Kommentare (6) Trackbacks (0)
  1. Herzliche Dank für den Beitrag! Ich überlege gerade einen Postwurf… Idee verworfen.

    Danke

  2. Ich habe neben meinem Briefkasten die Papiertonne… Wer kann 1 und 1 zusammenzählen?

    Aber ganz ehrlich gesagt: Ich nehme die Werbeflyer, Zeitungen usw. sehr oft mit ins Haus – Ich habe nen Holzofen und der muss ja auch angefeuert werden…

  3. Wenn du die „90% – 9% – 1%“ als Faustregel nimmst (z.B.: http://www.connectedmarketing.de/cm/2006/11/wie_funktionier.html), dann hast du bei 16 Kommentaren also 1.600 Menschen erreicht.
    Das nochmal als quantitativen Nachtrag, wobei ich deine qualitativen Ausführungen viel wichtiger finde.

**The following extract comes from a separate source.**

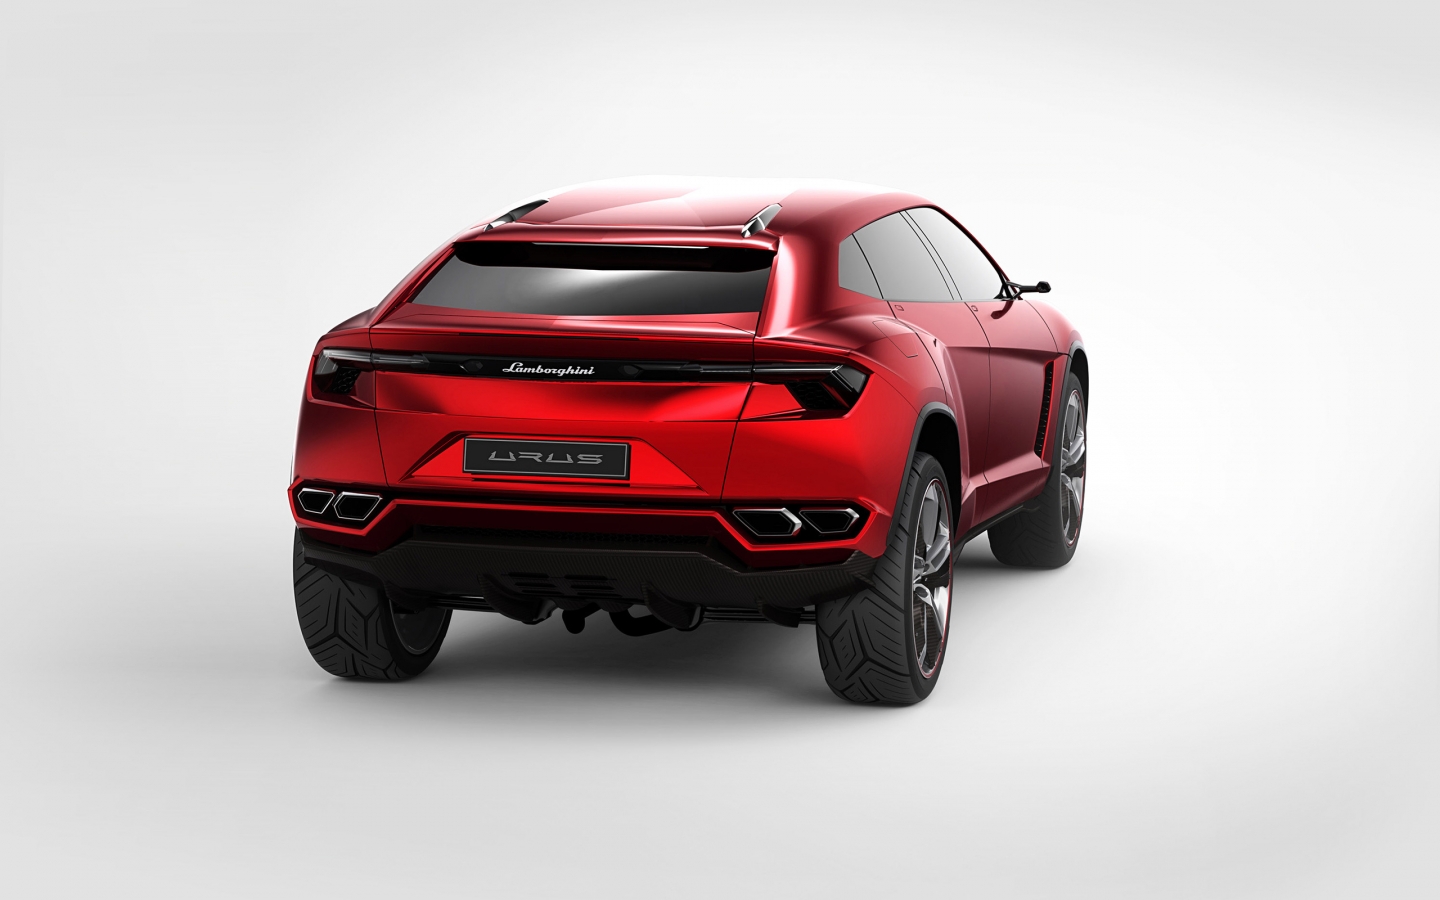 Lamborghini Urus Concept Rear Studio for 1440 x 900 widescreen resolution

  4. Kann dein Ergebnis Rosko, mit meiner eigenen Verfahrensweise in Bezug auf Wurfsendungen unterstreichen. Zum Glück ist gleich neben dem Briefkasten bei uns im Hause ein Papierkorb aufgestellt :-).
    Ich denke auch eine größere Befragung würde auf dasselbe Spatzenschiessen herauslaufen. Aber wer hätte von solch eine Umfrage etwas ? :-) Ähnlich verhält es sich doch auch mit immer wiederkehrenden Zeitungannoucen viele kleinen Gewerbetreibenden. Die Auflage als gigantisch angepriesen, aber wer liest bitte Werbung, da auch hier lange bekannt sein sollte, das nur noch gute aktive PR-Arbeit Wirkung und somit wirkliche und nicht nur potentielle Leserzahlen zustande kommen.

  5. Wirklich netter Beitrag, ich musste schmunzeln. Auch ich gehöre zu 98% zu dem Typ => „direkt in den Mülleimer“.

    Aber die Idee das mal so zu betrachten ist weit aus ehrlicher und realistischer als irgendwelche Marketing-Zahlen. Prima gemacht!

  6. Danke für die vielen Kommentare!